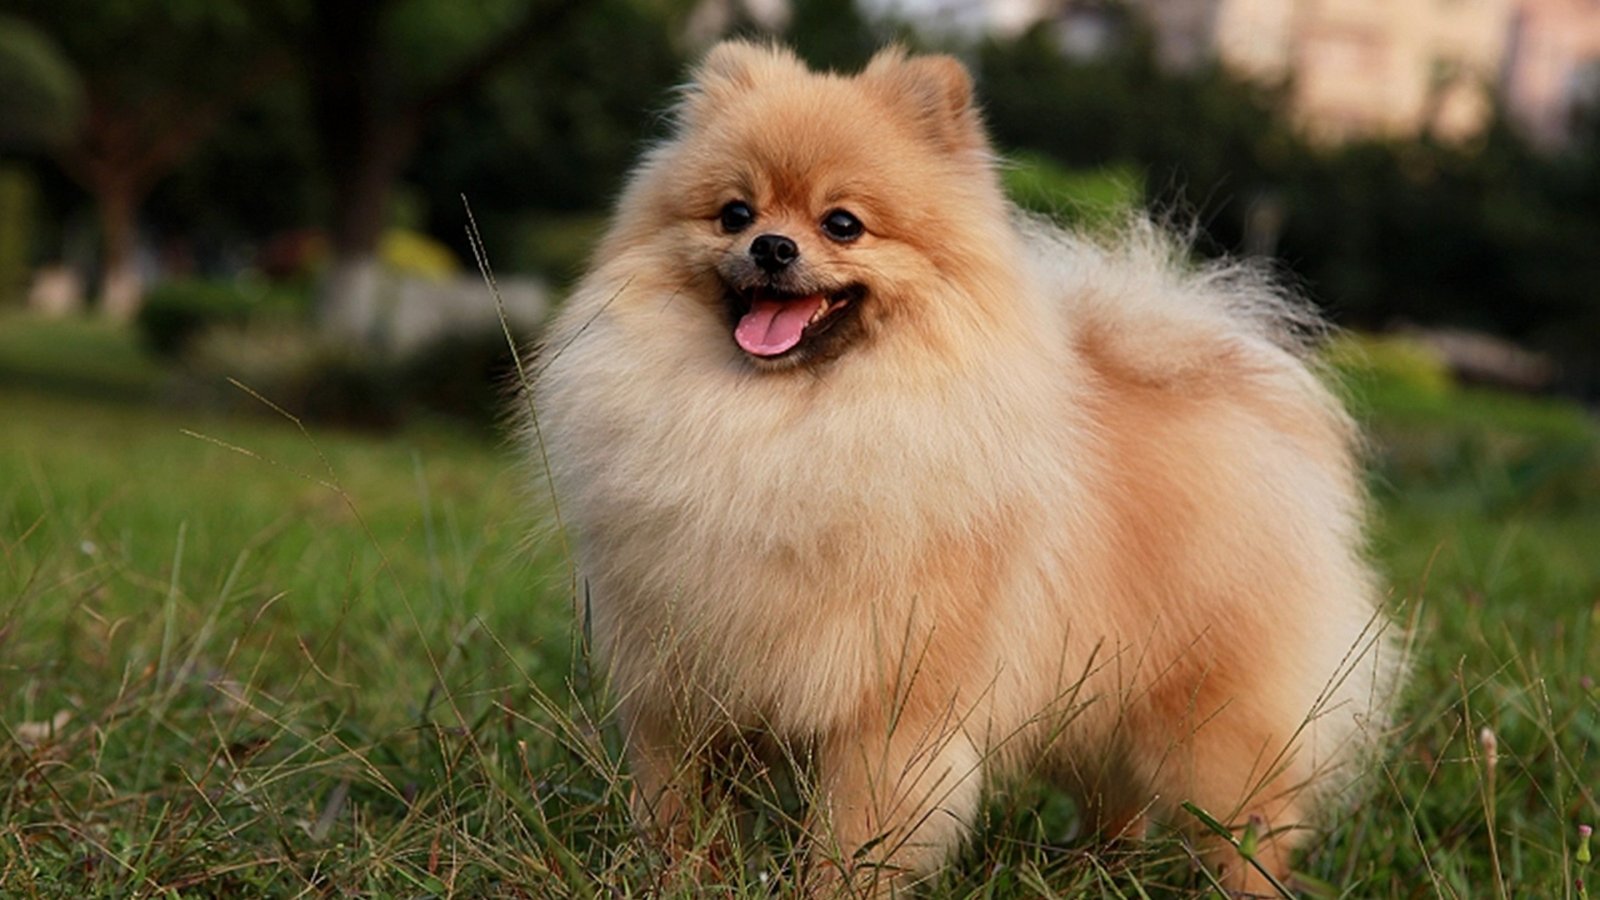 ten cutest dog breeds
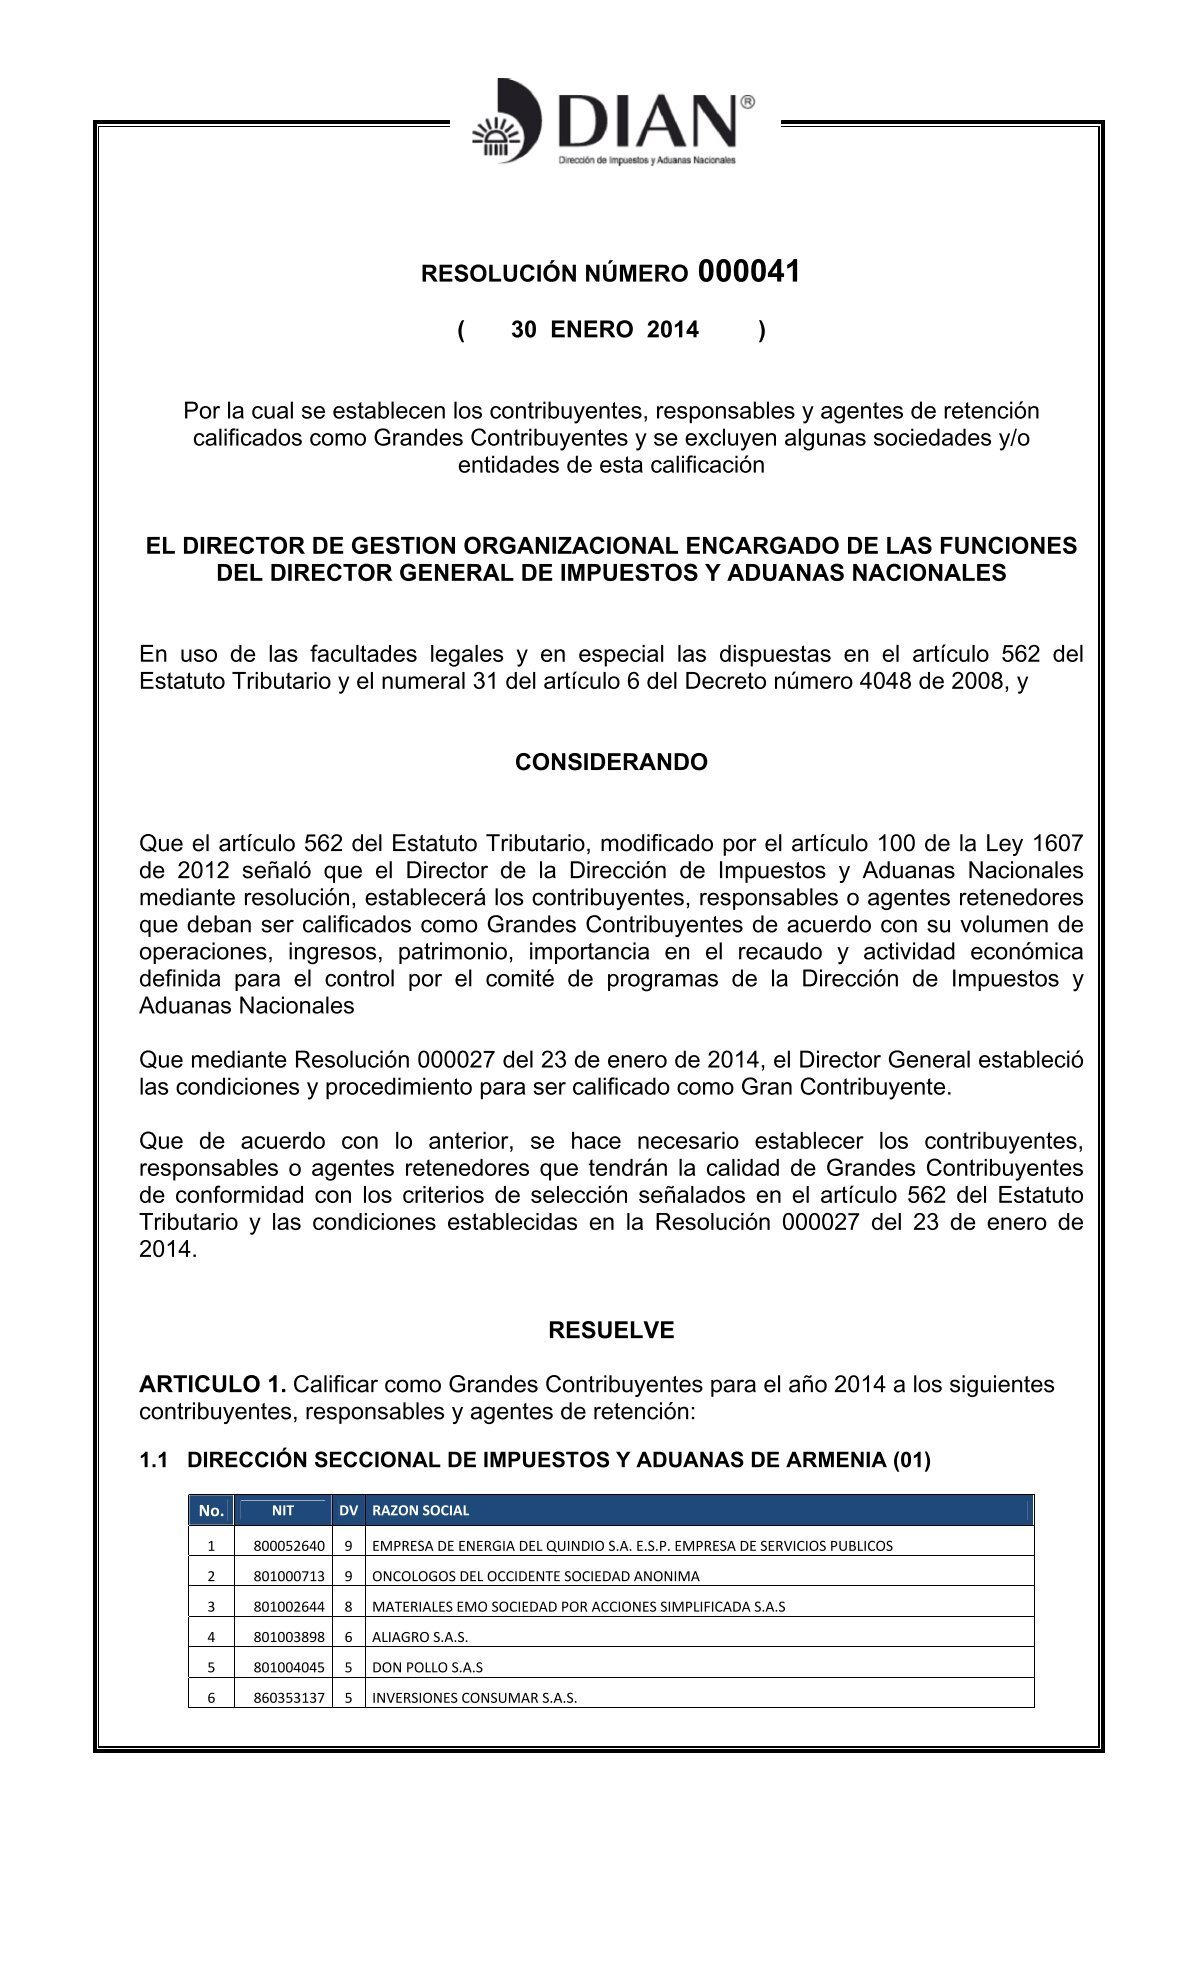 LOGYTEC  Venta de Equipos de Instrumentacion y Herramientas para el Campo  Eléctrico, Industrial, Minero y Civil.
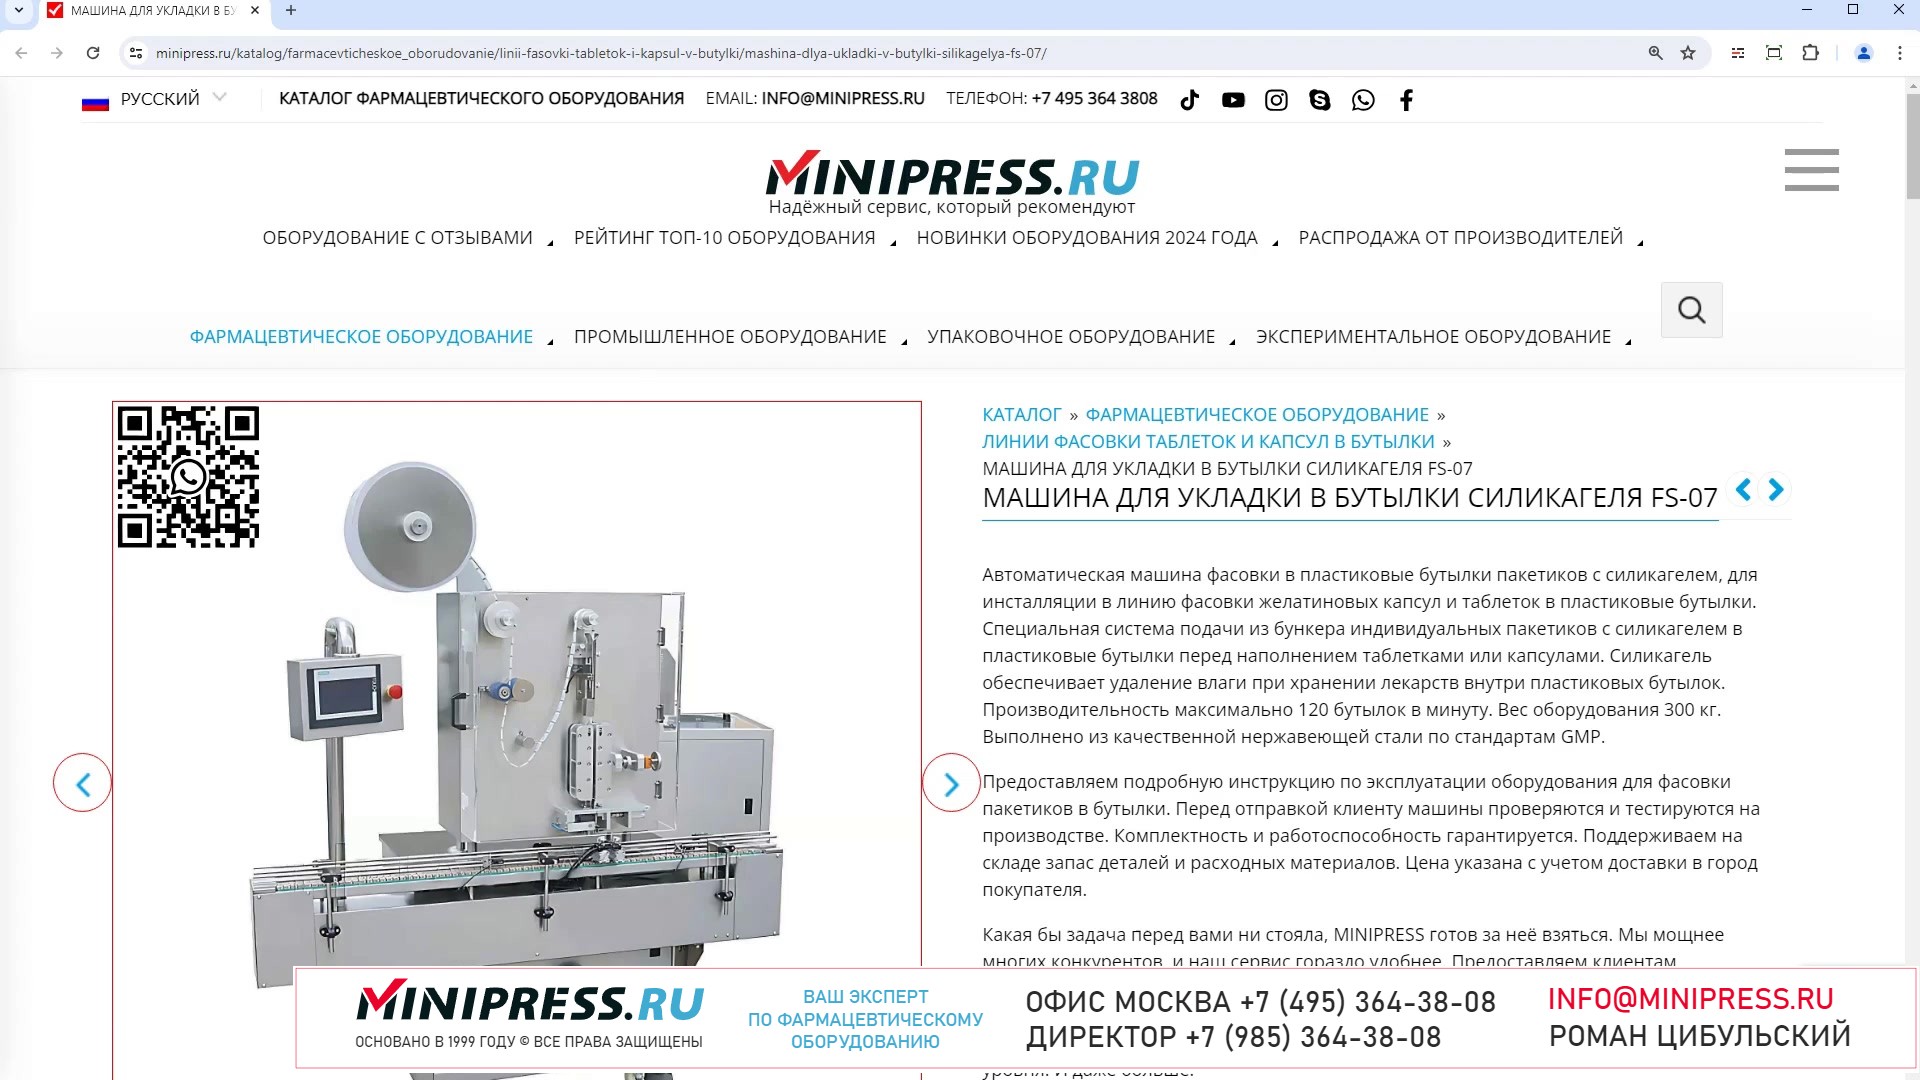 Minipress.ru Машина для укладки в бутылки силикагеля FS-07

#####

Every line of the listing is to be retyped exactly; pictures stay out.

Response for this exercise:
 ten cutest dog breeds
 LOGYTEC  Venta de Equipos de Instrumentacion y Herramientas para el Campo  Eléctrico, Industrial, Minero y Civil.
 Minipress.ru Машина для укладки в бутылки силикагеля FS-07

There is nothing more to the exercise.